Compared to other methods, hilbertSimilarity does not rely on expert-driven gating, or require any hypothesis about the number of populations that are present in the data. This makes it a powerful tool to quickly assess a dataset before using traditional methods, or when populations a not known a priori.

Installation

hilbertSimilarity can be installed using the following command

devtools::install_github(yannabraham/hilbertSimilarity)

Once installed the package can be loaded using the standard library command.

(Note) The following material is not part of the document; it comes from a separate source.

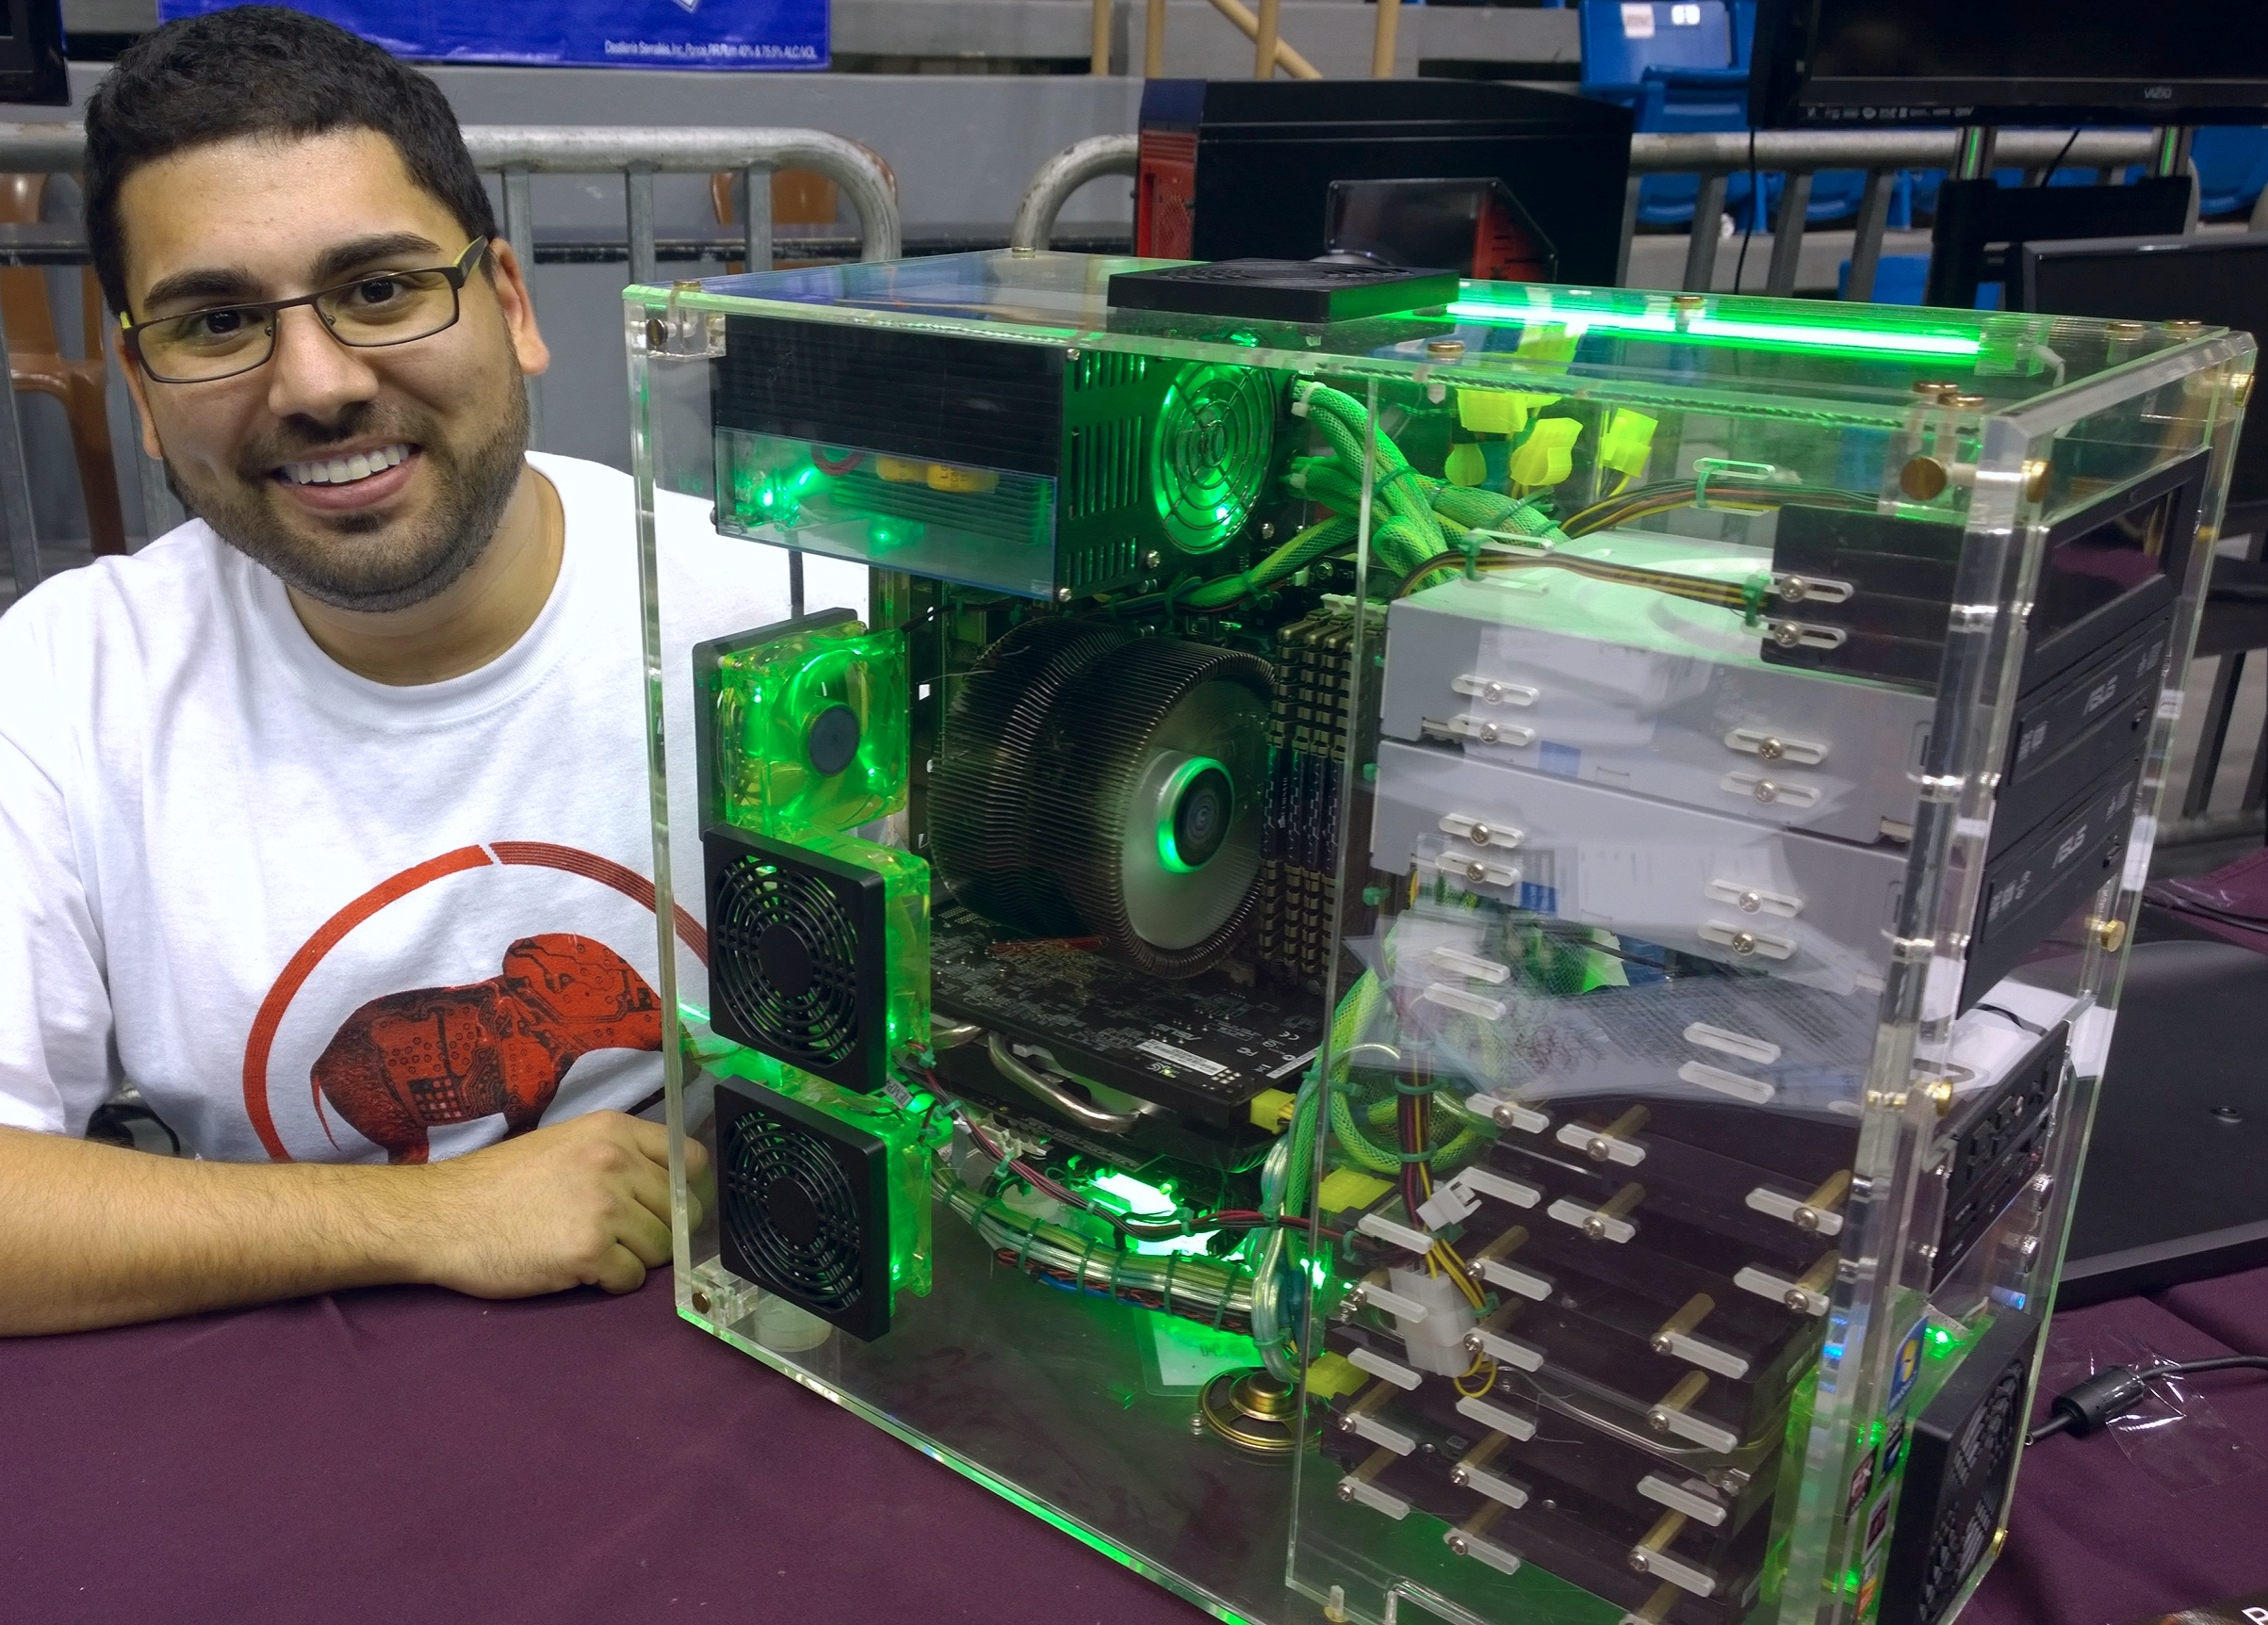 Paul Bangdiwala - Owner of Bandi Tech LLC with the Kryptonite Signature PC
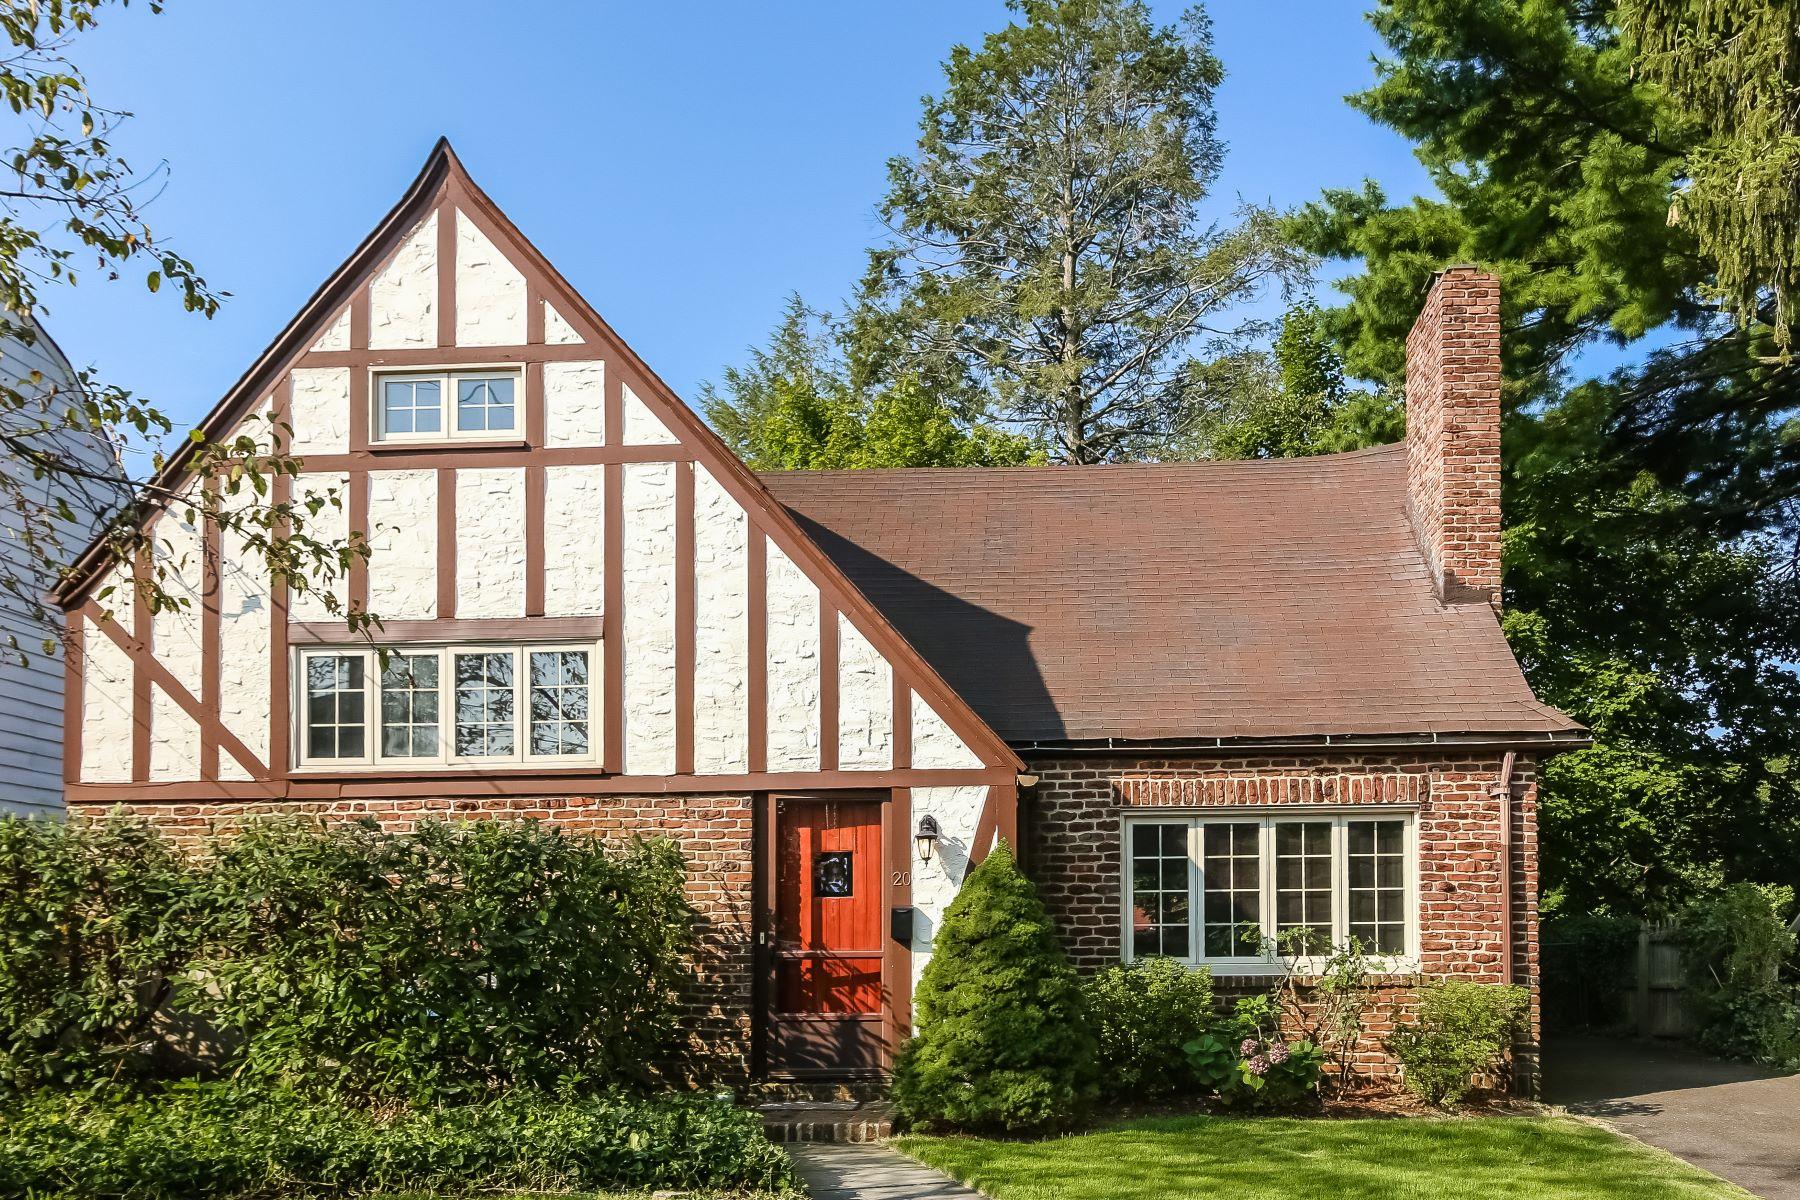 独户住宅 为 销售 在 Charming Larchmont Tudor 20 Alden Road 拉奇芒德镇, 纽约州, 10538 美国

library(hilbertSimilarity)

Loading some test data

We first need data from the bodenmiller package:

library(bodenmiller)
data(refPhenoMat)
data(untreatedPhenoMat)
data(refFuncMat)
data(untreatedFuncMat)
data(refAnnots)
refAnnots$Treatment <- 'reference'
data(untreatedAnnots)
fullAnnots <- rbind(refAnnots[,names(untreatedAnnots)],
                    untreatedAnnots)
fullAnnots$Treatment <- factor(fullAnnots$Treatment)
fullAnnots$Treatment <- relevel(fullAnnots$Treatment,'reference')
refMat <- cbind(refPhenoMat,refFuncMat)
untreatedMat <- cbind(untreatedPhenoMat,
                      untreatedFuncMat)
fullMat <- rbind(refMat,untreatedMat)
fullMat <- apply(fullMat,2,function(x) {
    x[x<0] <- 0
    return(x)
  }
)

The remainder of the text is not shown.